To reduce the required pulse energy in their supercontinuum laser, the researchers used sign-alternating dispersion waveguides. These waveguides are designed to control the dispersion of light by alternately widening and narrowing the beam of light.
In normal dispersion waveguides, the generation of frequencies in supercontinuum generation (SCG) works with the waveguide dispersion to accelerate the temporal broadening of the pulse in time, said first author Haider Zia. Therefore, in normal dispersion SCG, the pulse quickly loses peak power, and any further bandwidth generation ceases. In anomalous dispersion waveguides, the dispersion works to bring together the generated frequencies such that the pulse temporally compresses, raising its peak power and accelerating bandwidth generation.
However, Zia said, the pulse eventually shapes itself into a soliton where the nonlinear generation and dispersion work in opposition such that no new spectral generation can take place.
Anomalous dispersion SCG usually generates larger bandwidths than normal dispersion SCG, but the spectrum is more modulated. In both cases, spectral broadening stops after a certain propagation length in the waveguide.
The researchers alternated the waveguide dispersion such that when the peak power is lost in the normal dispersion segment, the pulse goes into an anomalous dispersion segment regaining the peak power. When the pulse begins to shape itself into a soliton, it is disrupted by going into the next normal dispersion segment.
“Therefore, the stagnation mechanism in both types of dispersion is overcome by sign-alternating the dispersion iteratively,” Zia told Photonics Media. “The result is an increased length of propagation, now only limited by propagation losses, where spectral generation can still happen, which then reduces the input power required.”
This approach also extends the bandwidth at the 1/e (approximately −4 dB) range as opposed to the −30 dB range that conventional SCG does, Zia said. The spectral power is then more balanced across the bandwidth, which is integral for high-quality optical devices or for pulse compression.
“Our waveguides have the world record 1/e bandwidth >500 nm at pulse energies starting at 9 pJ and pulse durations of 20 fs compressed from 200-fs input pulses,” Zia said. “They are all centered at the telecom wavelength of 1550 nm.”
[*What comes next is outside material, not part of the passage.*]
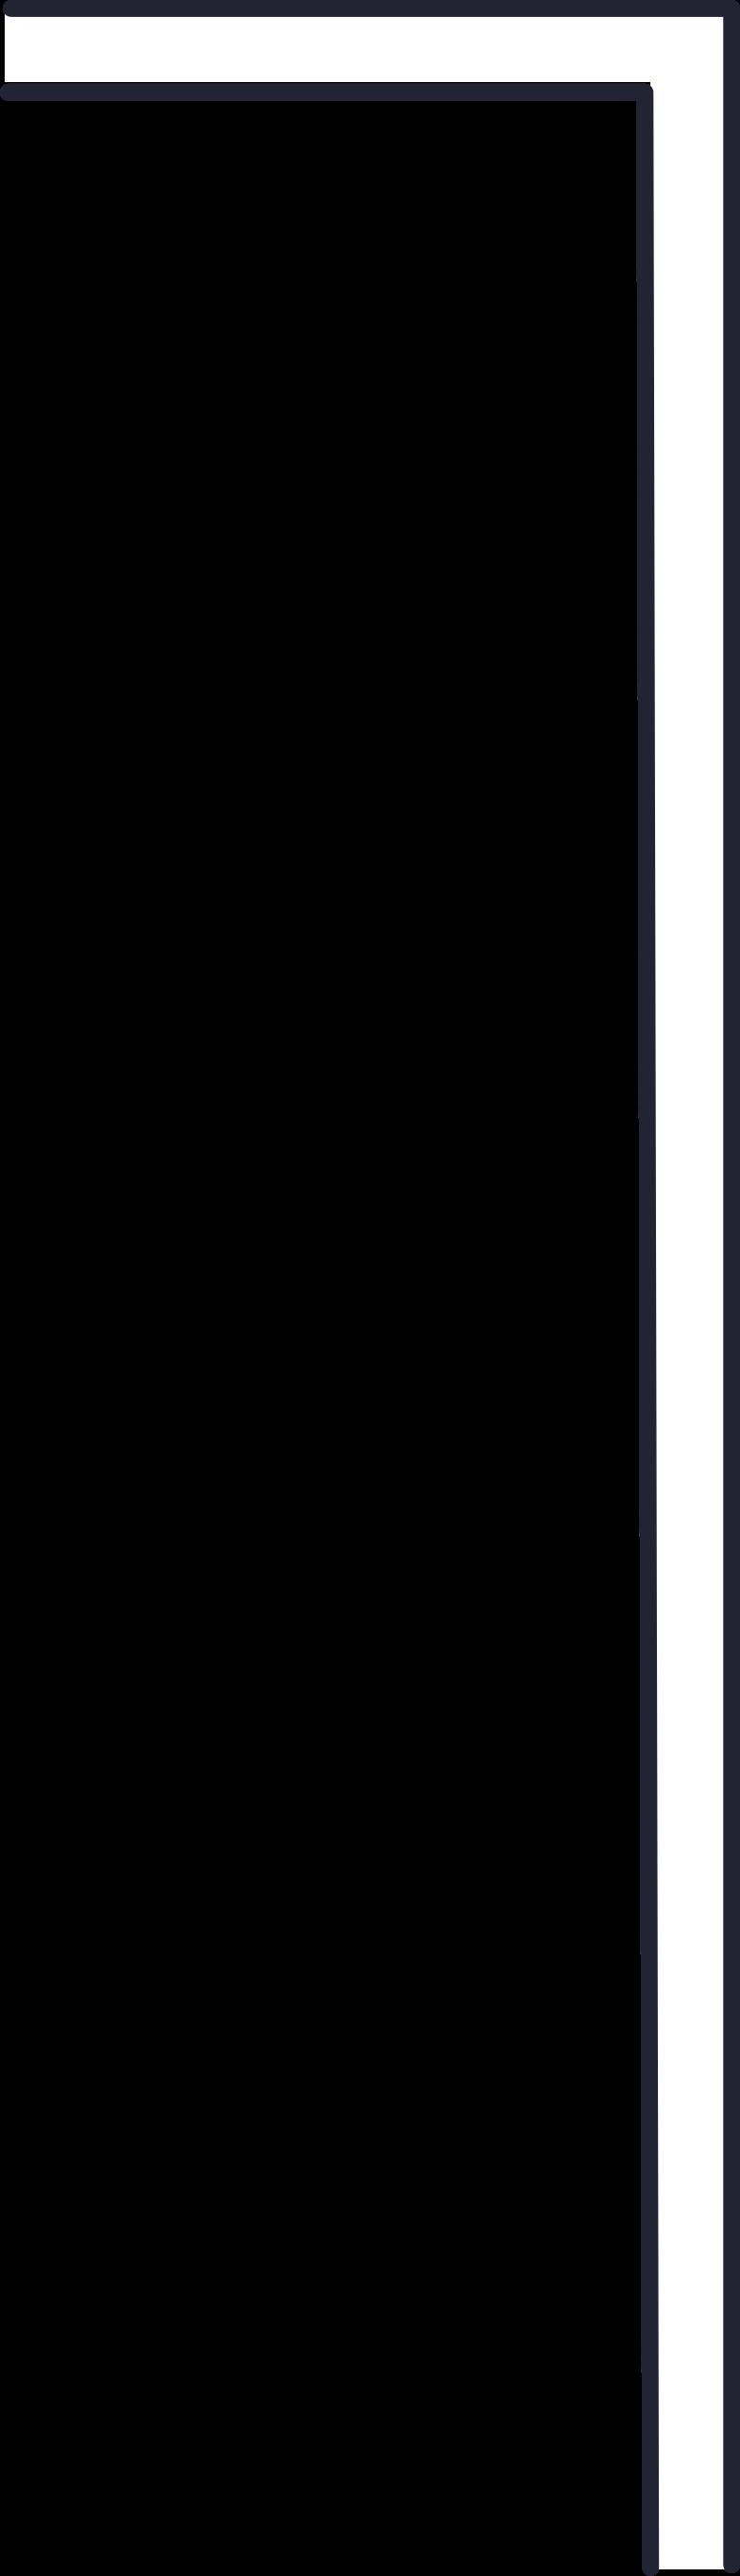 waiting  door Clipart illustration in PNG, SVG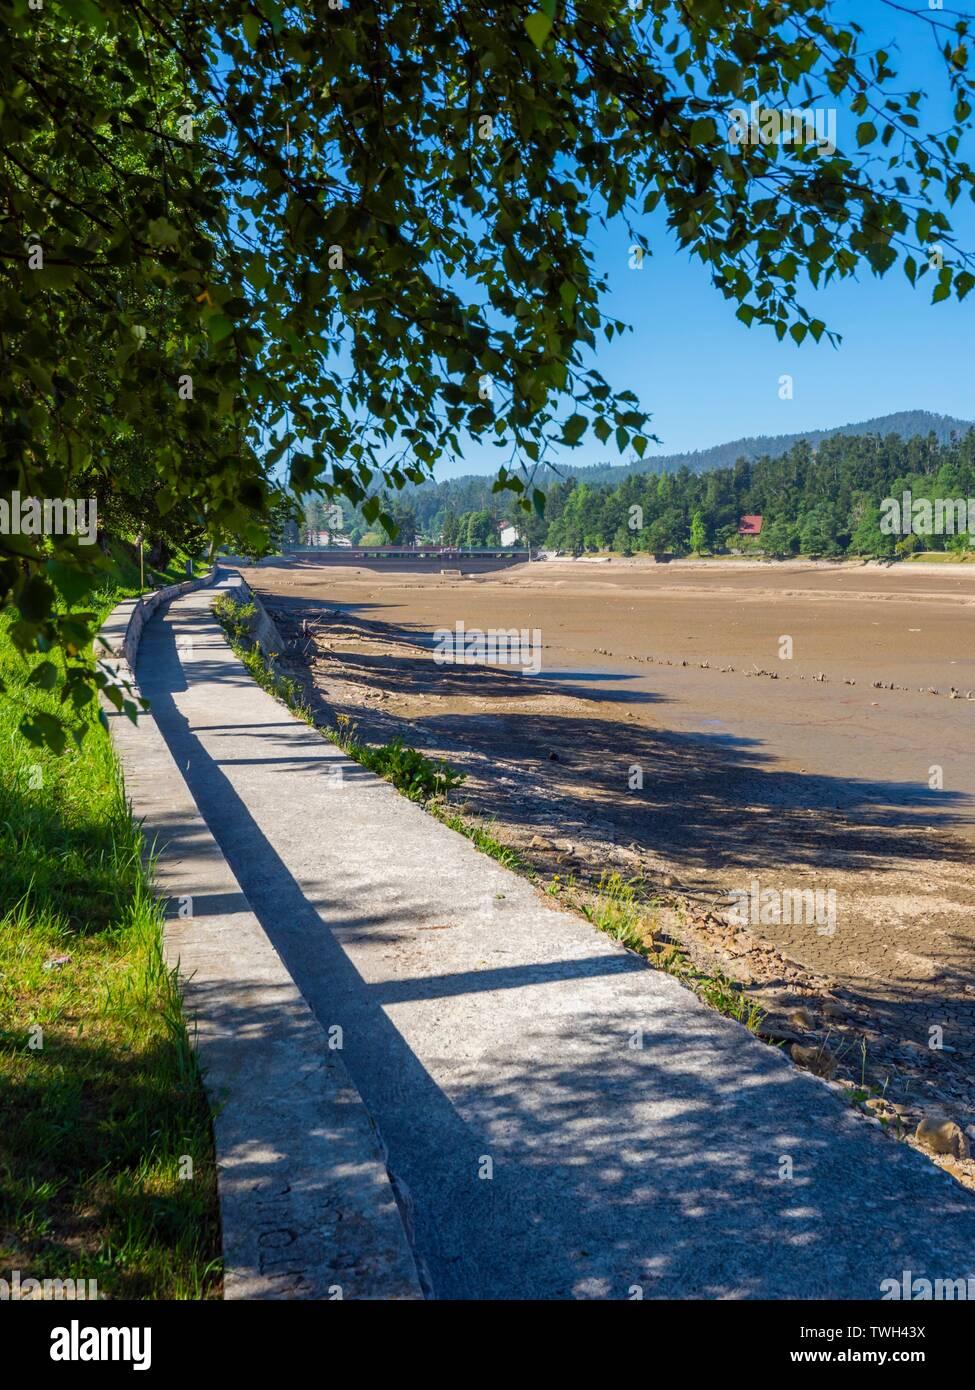 Dried lake-bed Bajer in Fuzine Croatia Spring 2019 coastline promenade Stock Photo

The next step for the researchers is to design their waveguides to be integrated with chip-based pulsed laser diodes such that a truly integrated wide-bandwidth SCG system can be developed without the need for a small external laser. Already, Zia said, due to the quality of bandwidth generation as well as the reduction of power requirements from the waveguides, the technology can be used in portable optical devices that can use SCG with higher-end quality, such as 3D imaging devices.
The research was published in Advanced Photonics Research (www.doi.org/10.1002/adpr.202200296).